▶ _EXTRACTED DATA_
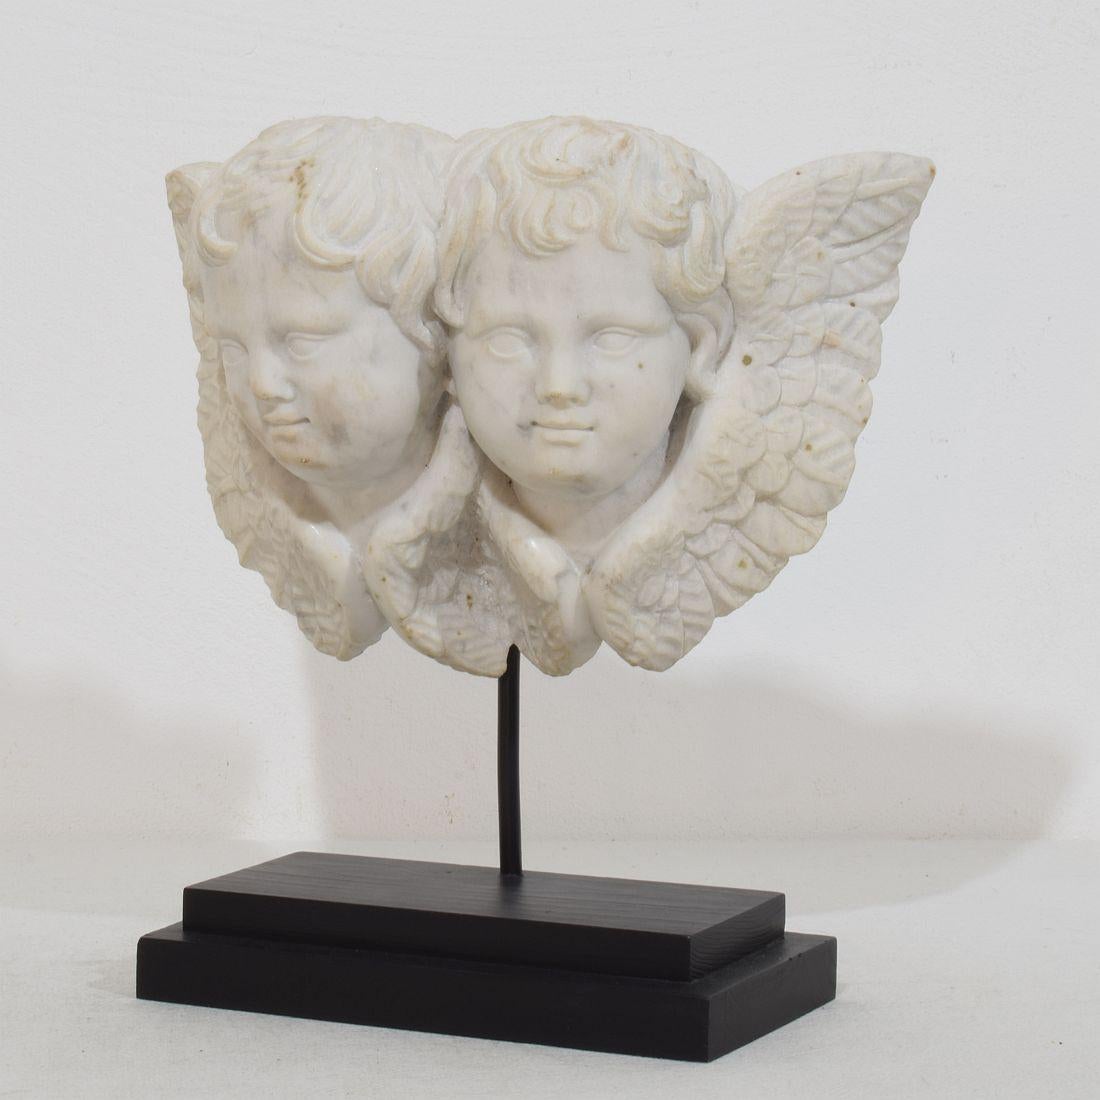 Magnifique et unique aile en marbre blanc sculptée à la main.  ornement à double tête d'ange.
Italie, vers 1750.
Usé par les intempéries .
Les mesures comprennent la base en bois.
H:24cm  L:23cm P:10cm

▶ _WHAT IS BEING ASKED_
Print each entry exactly, leaving pictures out.

▶ _ANSWER TO THIS TASK_
 Magnifique et unique aile en marbre blanc sculptée à la main.  ornement à double tête d'ange.
Italie, vers 1750.
Usé par les intempéries .
Les mesures comprennent la base en bois.
H:24cm  L:23cm P:10cm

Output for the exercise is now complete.